Exercise brief ::
Your task is to repeat the entries exactly from their first line through the line with "Photo of Halves", and to stop there.
Data for processing Block Start
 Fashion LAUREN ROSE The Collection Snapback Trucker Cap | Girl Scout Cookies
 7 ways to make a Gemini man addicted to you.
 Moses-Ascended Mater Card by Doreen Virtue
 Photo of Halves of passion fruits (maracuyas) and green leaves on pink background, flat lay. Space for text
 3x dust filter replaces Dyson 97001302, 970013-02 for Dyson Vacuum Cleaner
Data for processing Block End
Expected answer ::
 Fashion LAUREN ROSE The Collection Snapback Trucker Cap | Girl Scout Cookies
 7 ways to make a Gemini man addicted to you.
 Moses-Ascended Mater Card by Doreen Virtue
 Photo of Halves of passion fruits (maracuyas) and green leaves on pink background, flat lay. Space for text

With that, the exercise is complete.